Table 1.
Size of KaBOB
imported OBOs | ICE records | generated (rules and id sets) | KaBOB total | |||||
---|---|---|---|---|---|---|---|---|
subset | # triples | size .owl (GB) | # triples | size .nt.gzip (GB) | # triples | size .nt.gzip (GB) | # triples | size (GB) |
human only | 13,830,676 | 1.5 | 144,489,737 | 2.0 | 7,615,547 | 0.2 | 165,935,960 | 3.6 |
human +7 major model organisms | 13,830,676 | 1.5 | 369,027,022 | 4.9 | 34,968,305 | 0.7 | 417,826,003 | 7.1 |
all organisms | 13,830,676 | 1.5 | 9,584,033,541 | 126 | n/a | n/a | n/a | n/a |
Lists the size of the various collection of RDF generated in the KaBOB build process, recorded in number of triples and size on disk. The first three major columns include the imported OBOs, the ICE records (output of the file parsers), and the generated triples (output of the rules and ID merging).

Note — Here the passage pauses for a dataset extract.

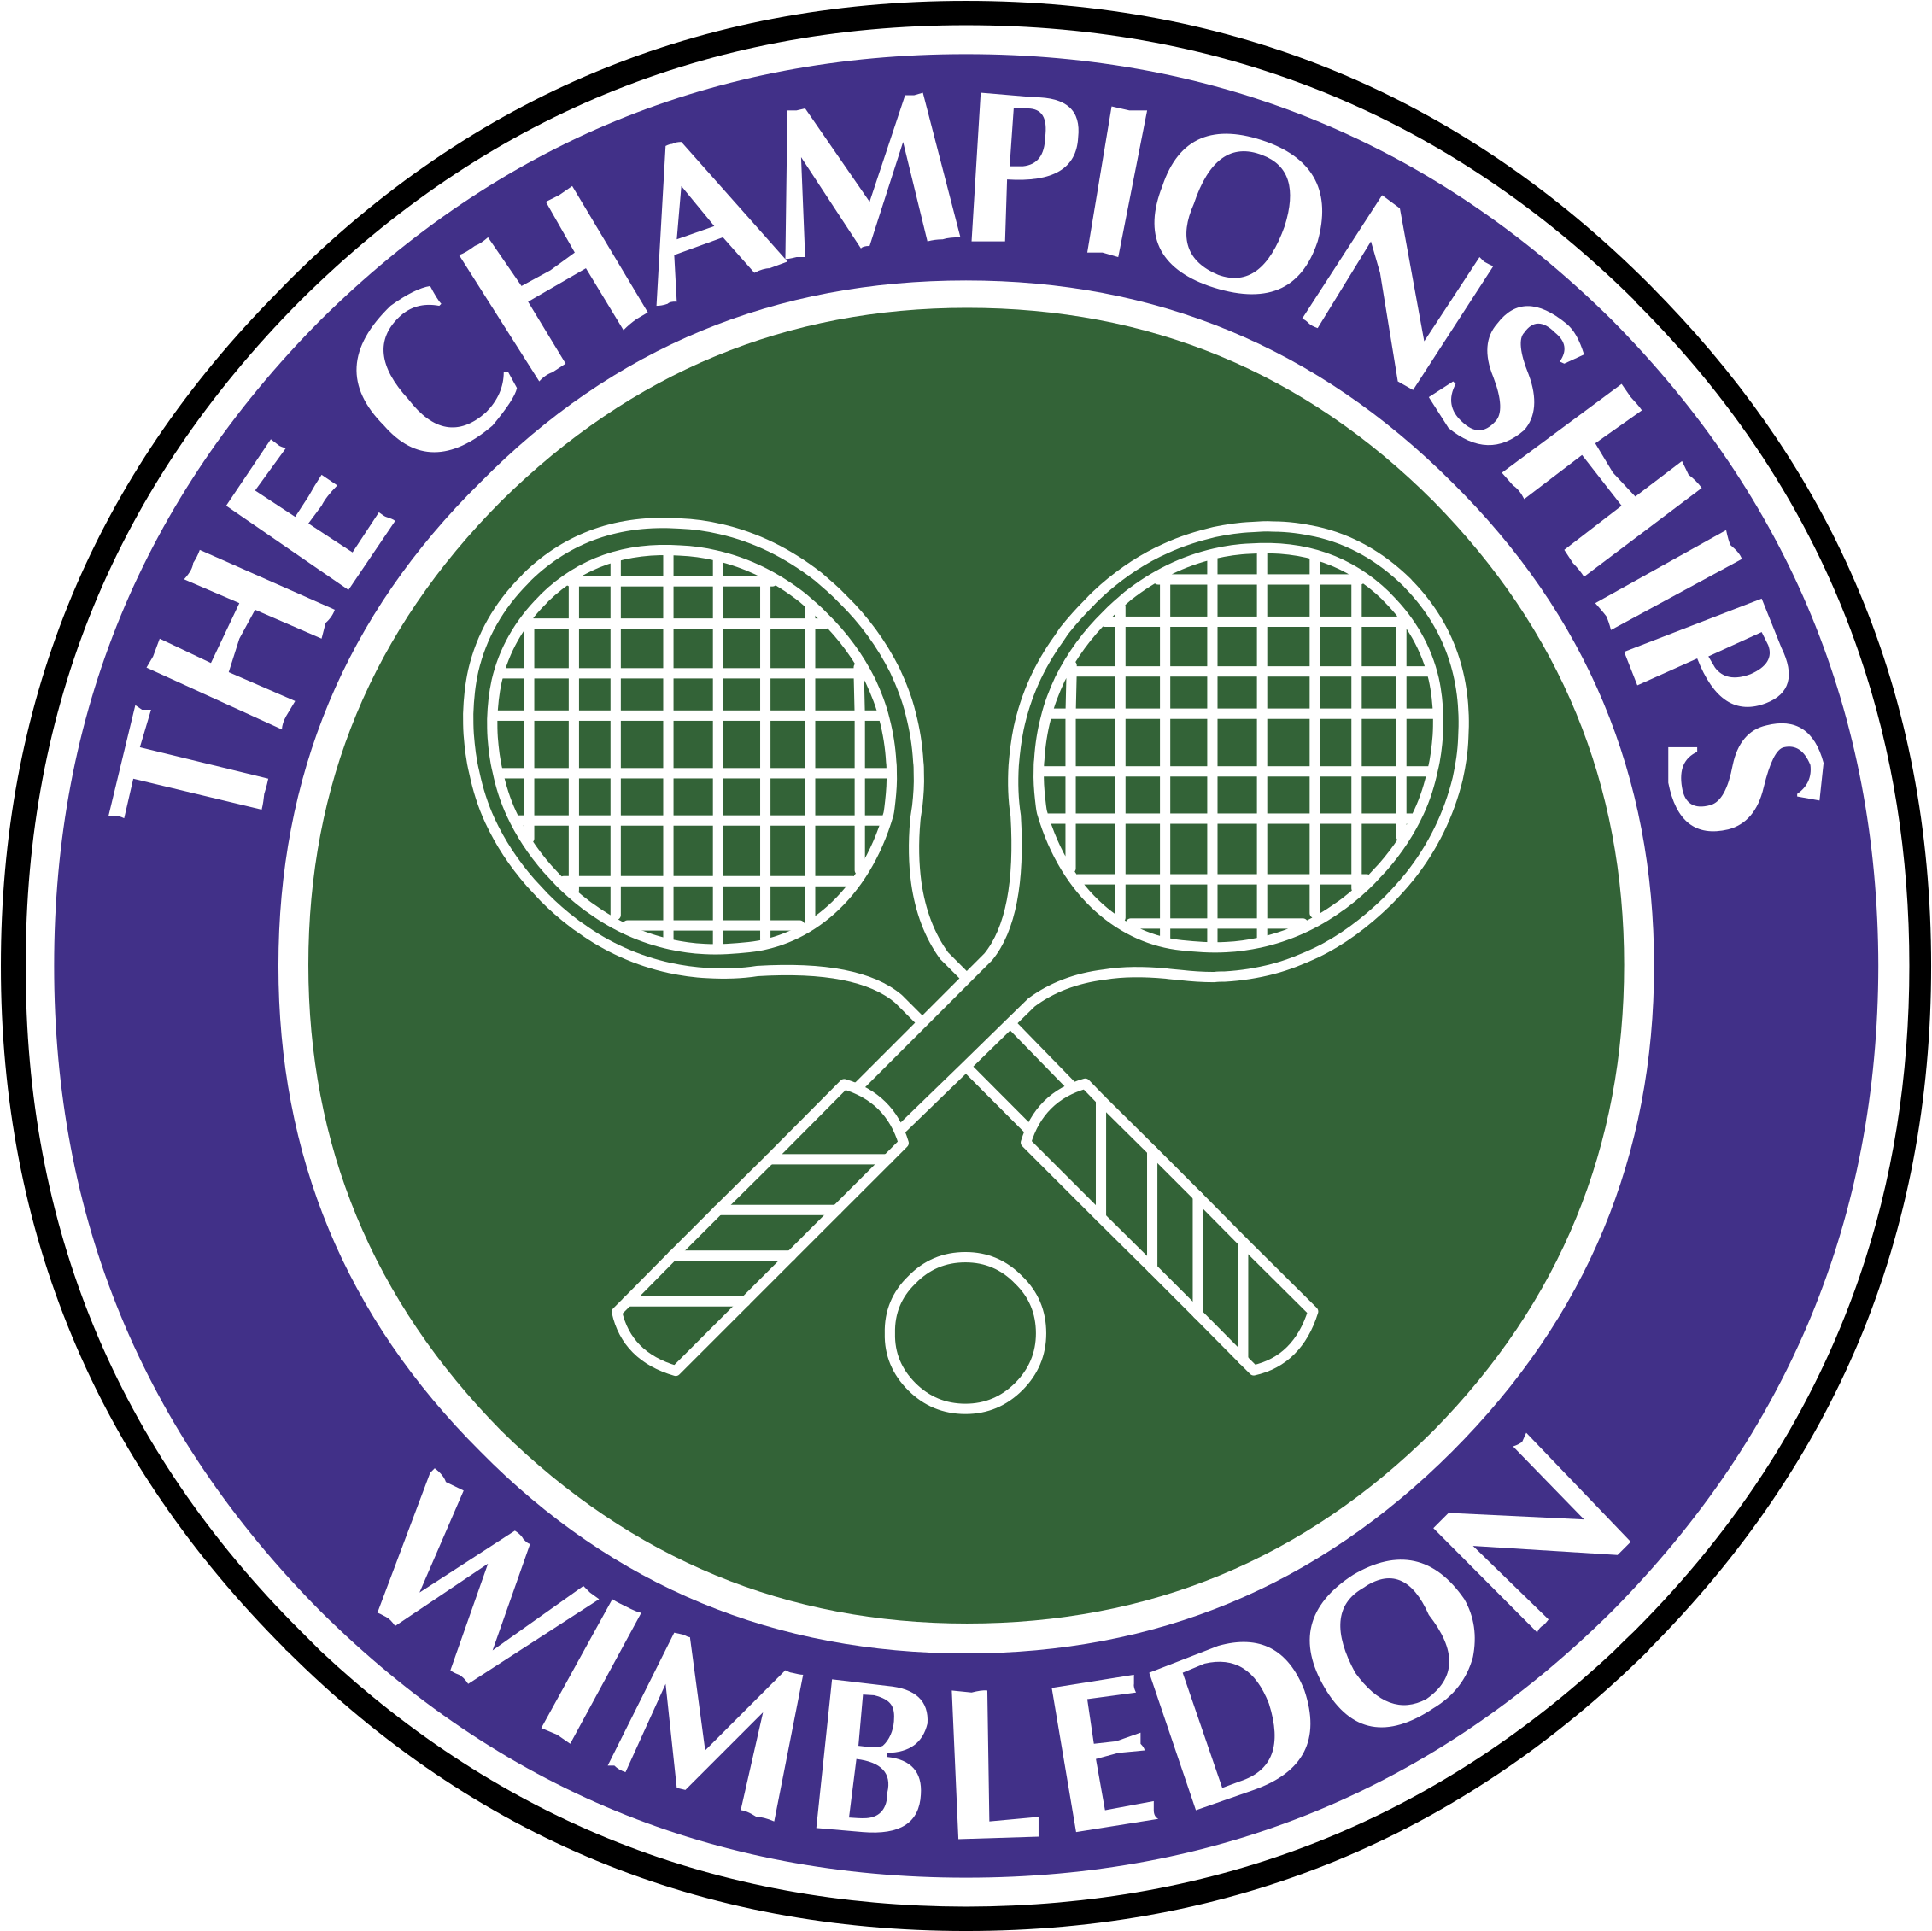 Boletos Wimbledon, costo de entradas Wimbledon

The fourth column is the sum of the first three. The rows represent subsets of the KaBOB data based on organisms included. The subsets are human-only, human plus seven major model organisms (listed in the paper), and the final row is for all organisms combined. Due to the scale of the data in the final subset this data is currently incomplete.